At the same time, expanded refusal grounds risk giving data holders greater control over whether access is granted. Without strict thresholds and independent review, refusal mechanisms may become the default barriers. A workable data access framework must ensure that access rules are usable in practice and do not reinforce dependency on large actors.
A trust architecture that risks becoming nominal
The Digital Omnibus also reshapes the trust architecture introduced by the Data Governance Act. These mechanisms were designed to enable data sharing while ensuring neutrality, accountability, and independent oversight. Mandatory registration for data intermediation services was intended to create a meaningful trust label backed by enforceable obligations.
However, the proposal weakens this model by making registration voluntary and reducing the link between registration and enforceable safeguards. This risks turning the trust label into a nominal designation without clear guarantees. Actors may present themselves as trusted intermediaries without being subject to meaningful neutrality or accountability requirements.

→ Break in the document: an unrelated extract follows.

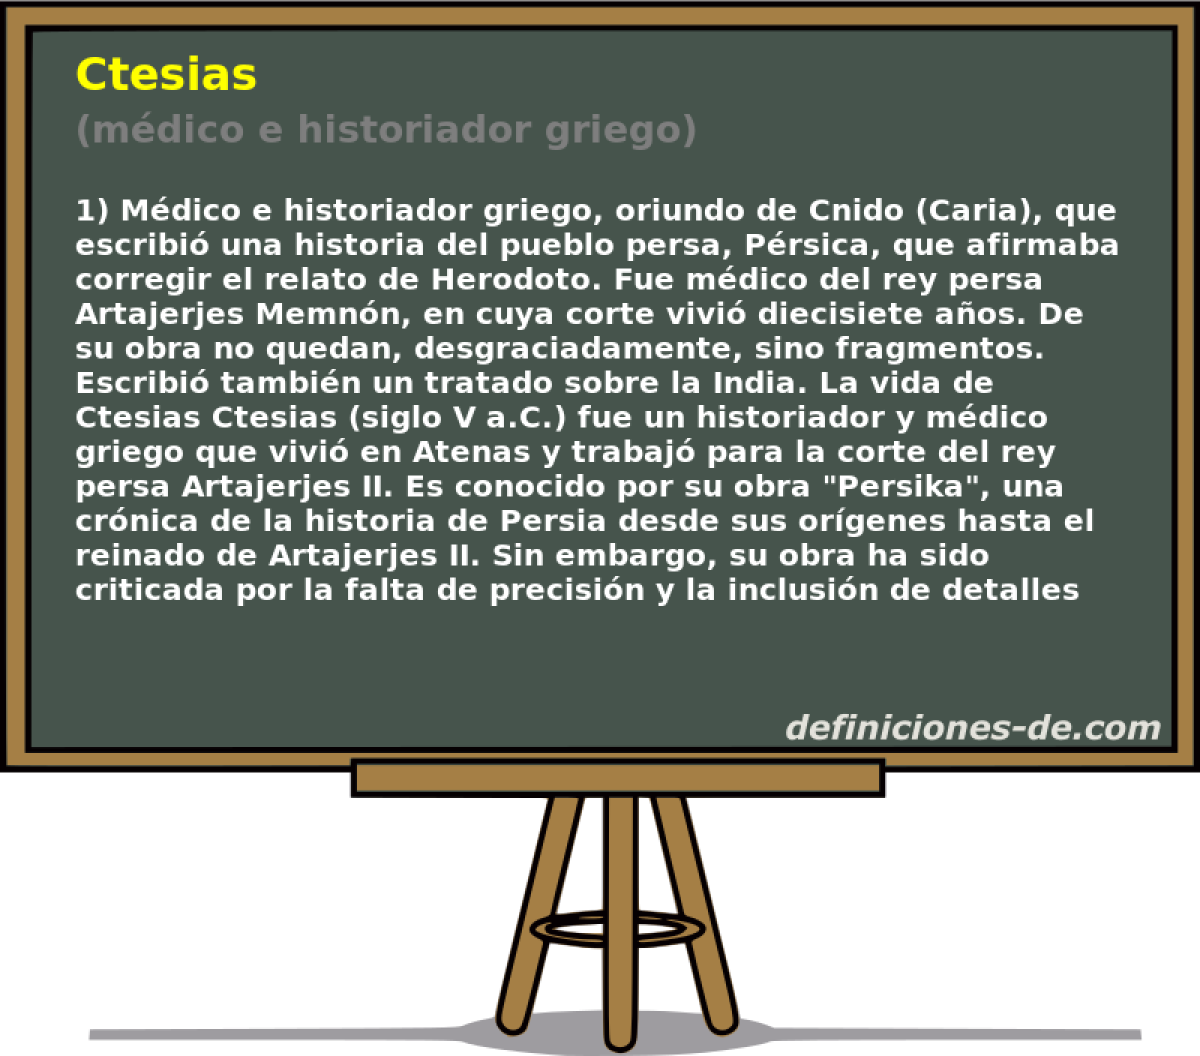 Ctesias (mdico e historiador griego)

This shift may reinforce concentration rather than support decentralised data sharing. Large actors can internalise intermediary roles while maintaining conflicts of interest, whereas smaller actors lose the signalling value of a mandatory trust label. A credible data-sharing ecosystem requires enforceable trust mechanisms, not voluntary labels.
Rules must be clear, enforceable, and usable in practice
The merger of the data acquis into the Data Act also raises concerns about legal clarity and enforceability. Combining regimes with different objectives and safeguards risks creating ambiguity about which rules apply and to whom. This is particularly relevant for the reuse of protected public-sector data, intermediation, and governance mechanisms.
When actors cannot determine which obligations apply, compliance becomes uneven and enforcement more difficult. Authorities may interpret the framework differently across Member States, leading to fragmentation. This undermines legal certainty and weakens the effectiveness of safeguards.
The EU data framework should therefore prioritise clear definitions, explicit separation of regimes, and operational guidance. These mechanisms must not only exist on paper but also be supported by institutional pathways and incentives that allow them to function in practice. Without this, simplification risks producing ambiguity rather than clarity.
The future of EU data governance
The data acquis plays a central role in shaping how data is shared in Europe. It determines whether public authorities can access data for oversight, whether intermediaries operate with accountability, and whether people’s rights remain protected.
The Digital Omnibus risks weakening these safeguards while concentrating power in the hands of both corporate and institutional actors. Instead, the EU should preserve the GDPR primacy, ensure that access mechanisms are usable and accountable, maintain a robust trust architecture, and clarify the scope of the merged framework.
EDRi will continue to engage with policymakers to ensure that changes to the data acquis strengthen democratic oversight, transparency, and people’s rights rather than undermining them.